----- DATASET EXTRACT -----
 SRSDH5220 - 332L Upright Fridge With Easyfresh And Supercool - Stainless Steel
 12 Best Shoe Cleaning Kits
-----
----- DATASET EXTRACT -----
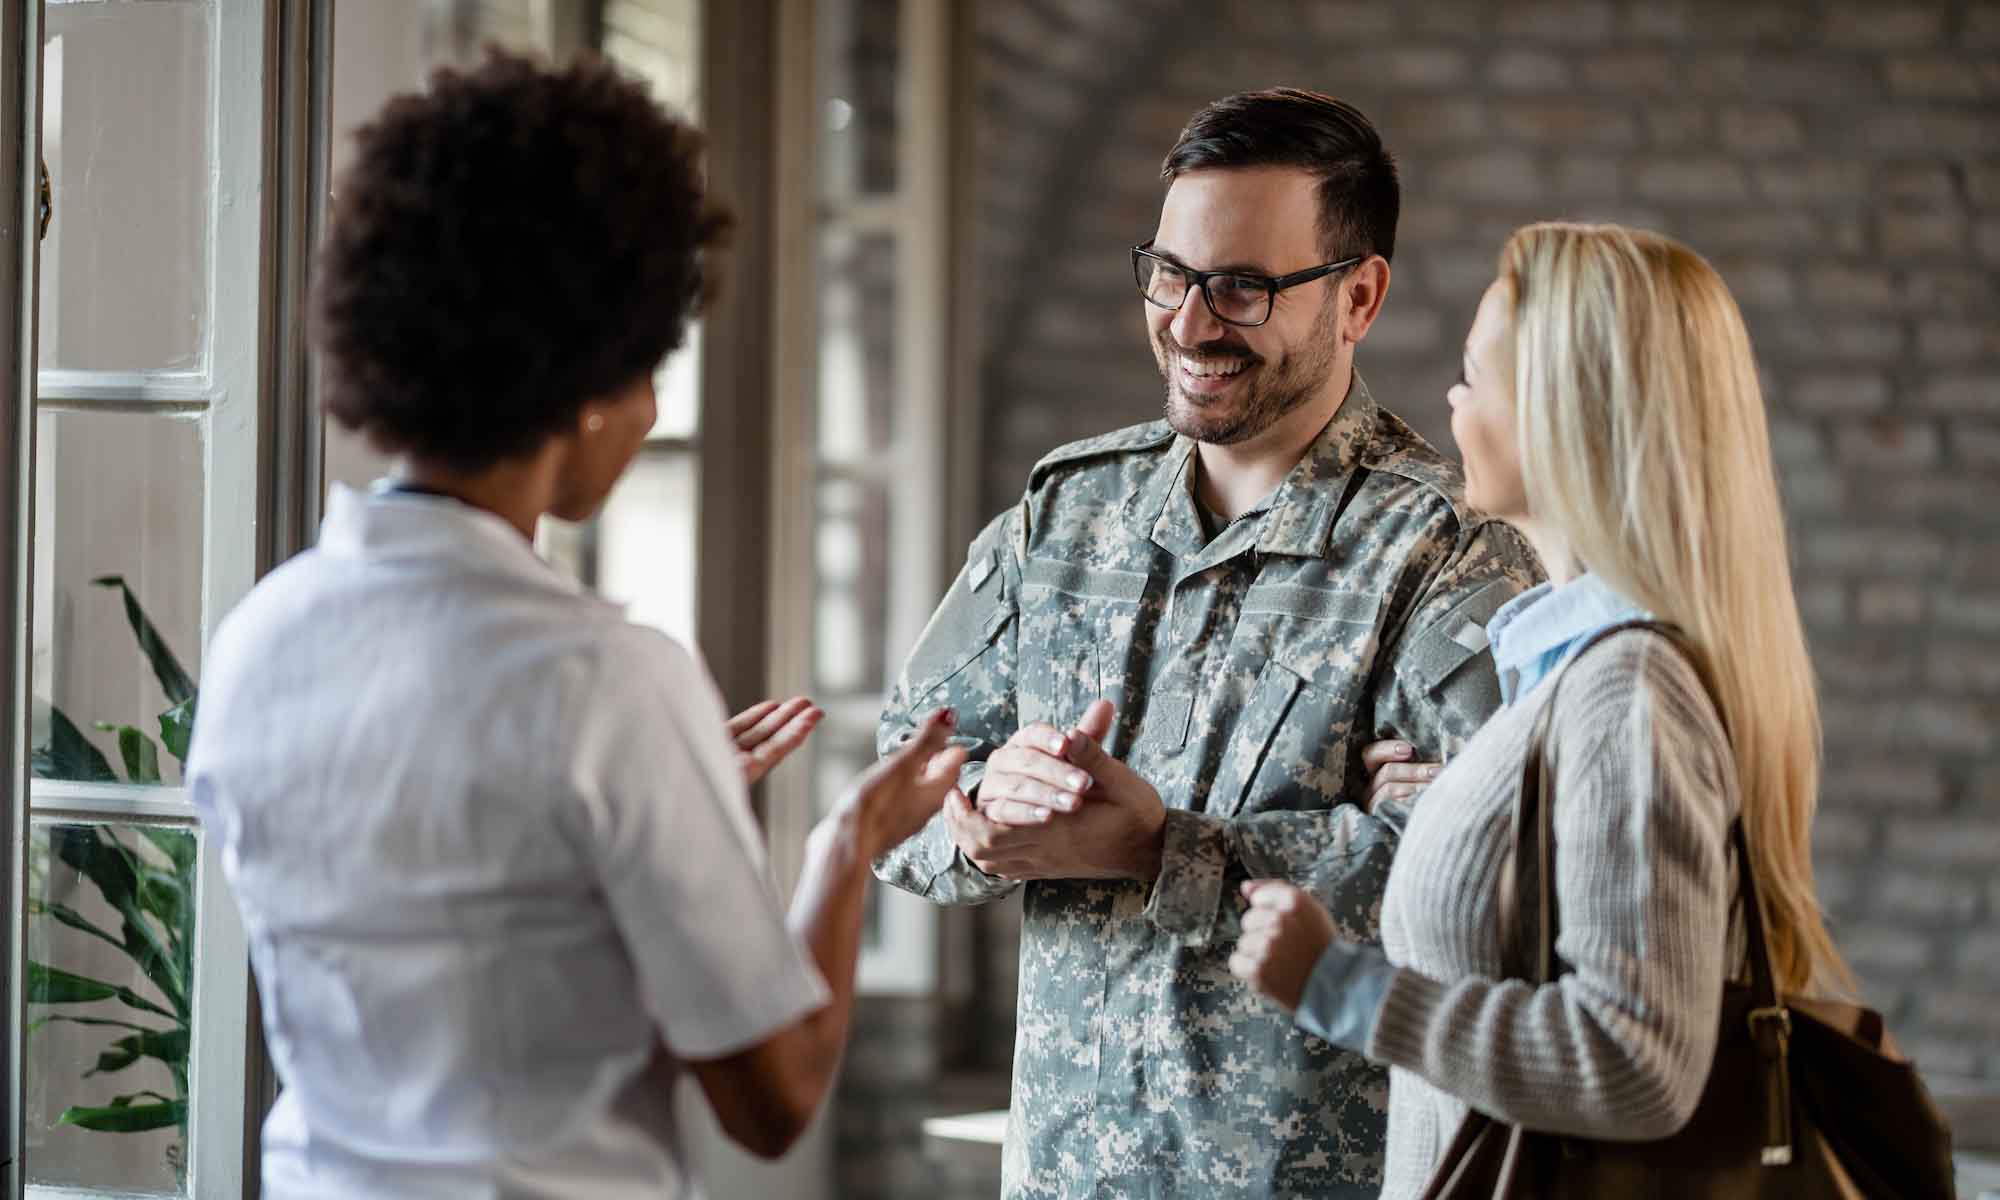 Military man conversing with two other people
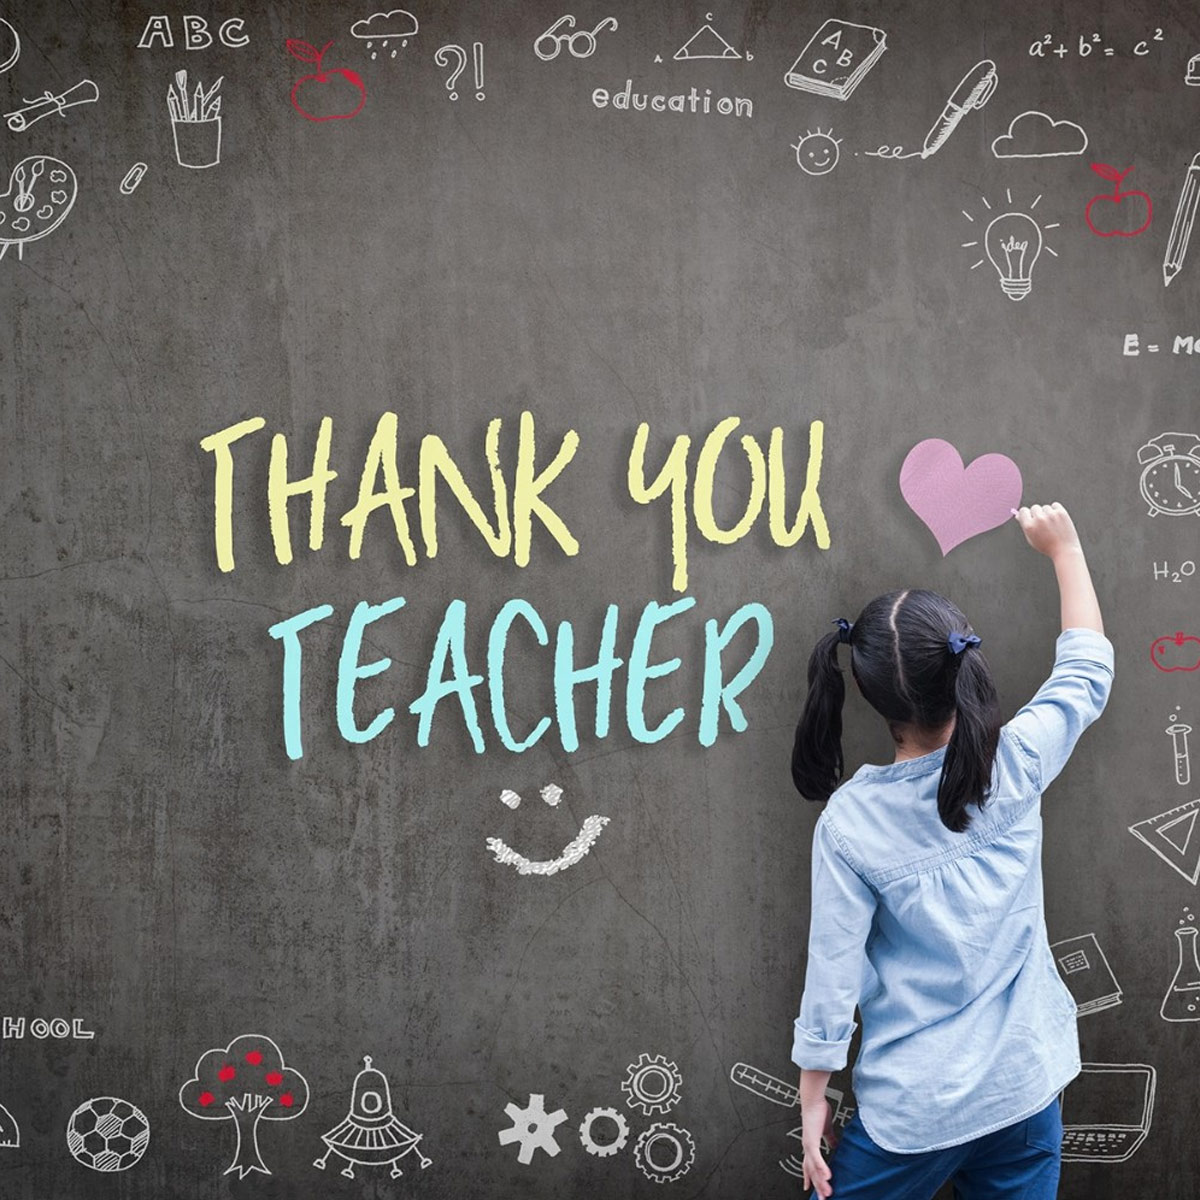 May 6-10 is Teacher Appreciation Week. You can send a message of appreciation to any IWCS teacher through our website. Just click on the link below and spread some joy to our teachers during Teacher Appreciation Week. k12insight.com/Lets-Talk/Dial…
-----
THE TASK
Of the entries listed above, reproduce only the lines starting at the line containing "SRSDH5220 - 332L" and ending at the line containing "12 Best Shoe Cleaning Kits". Include both, exactly as they stand.

THE ANSWER
 SRSDH5220 - 332L Upright Fridge With Easyfresh And Supercool - Stainless Steel
 12 Best Shoe Cleaning Kits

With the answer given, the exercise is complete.